Transformational change is coming to Saskatchewan’s health regions with the number expected to be reduced as part of an announcement made in Wednesday’s budget.
Currently there are 12 health regions in Saskatchewan, 13 if you include Athabasca, a shared venture with the federal government.
It isn’t clear what the new figure will be, but both the premier and the health minister have spoken that it could be zero and the health ministry becomes a centralized service much like in Alberta. A special commissioner is being appointed to look into the issue and recommend options not only on how many health regions there should be but find ways to deliver health care in a more efficient and cost-effective way.
Regina Qu’Appelle Health Region head Keith Dewar maintains this proposed change doesn’t have to be a bad thing.

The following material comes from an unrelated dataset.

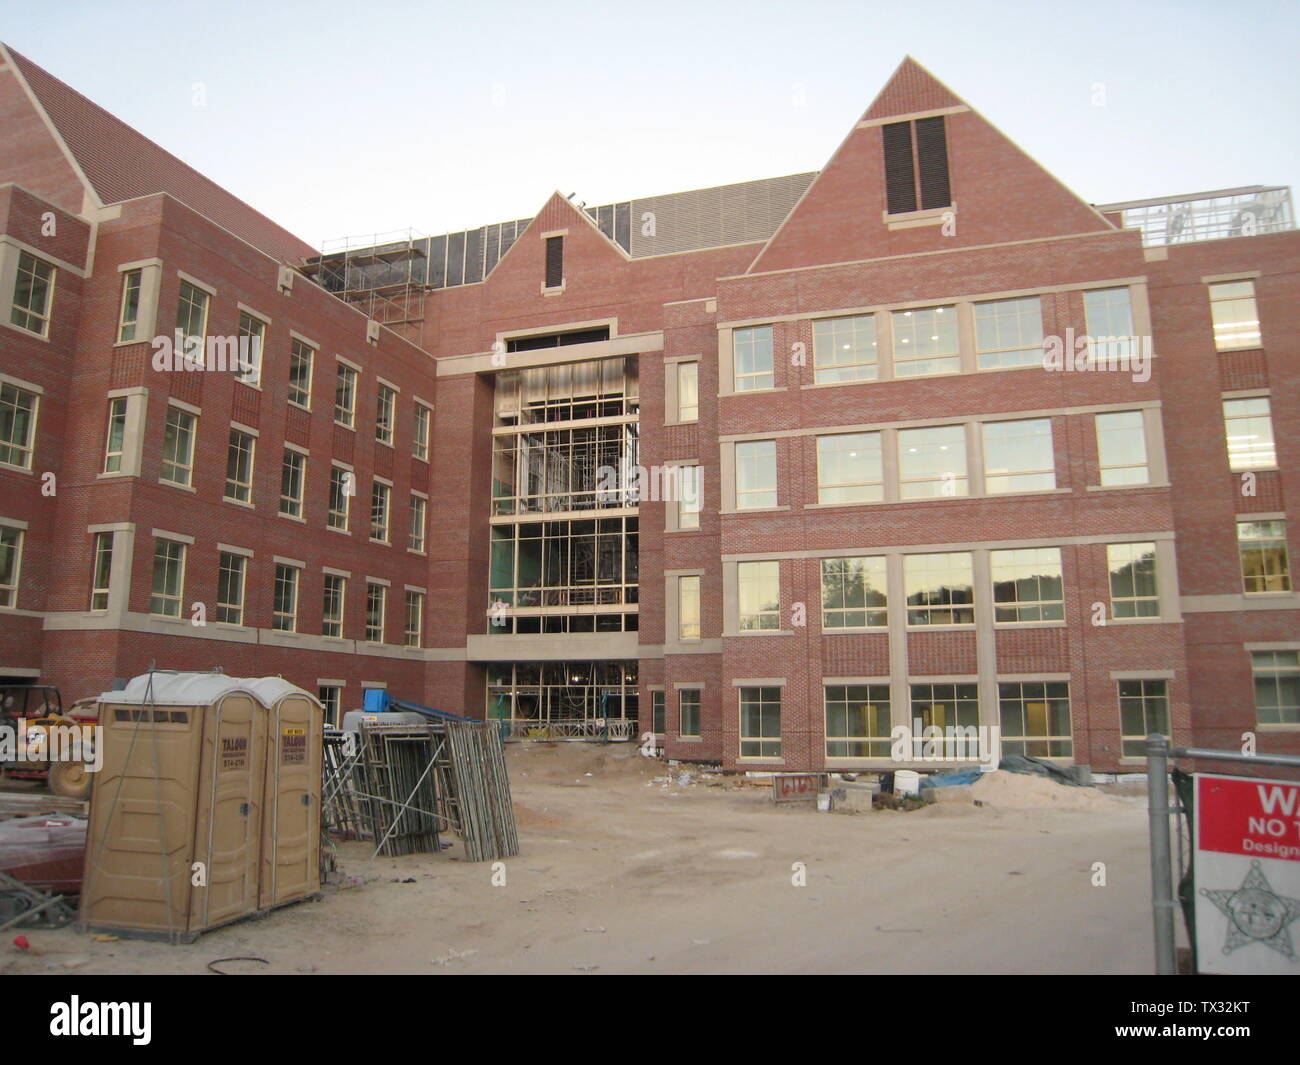 FSU King Building Front; 8 November 2007 (original upload date); Own work; UkrNole 485 at English pedia; Stock Photo

“It’s something that, if done properly, is actually quite positive because it actually starts to line your system up to actually work on what you are actually trying to accomplish,” Dewar explained. “It is not to say that the current system wasn’t working well, but we do know that as you move forward things can change and actually assist you some more and support better quality of care and more effective care.”
But Dewar adds you can’t get rid of administrative staff wholesale because they have an important role in supporting front-line workers.
It is a different reaction from the Saskatoon health region, the province’s largest. CEO Dan Florizone wonders whether he and other administrators will have jobs at the end of this process.
“Whatever a change is signaled what happens is, before we can figure out what this looks like, and obviously we would leave that to the commissioner, there is always a level of anxiety,” Florizone maintained.
As part of the government’s intent to reduce health care spending, the health regions are receiving $7.5 million less in a drive to reduce administrative costs.
In budget 2016, the health regions received $3.4 billion for operating funding, a 2.3 per cent increase.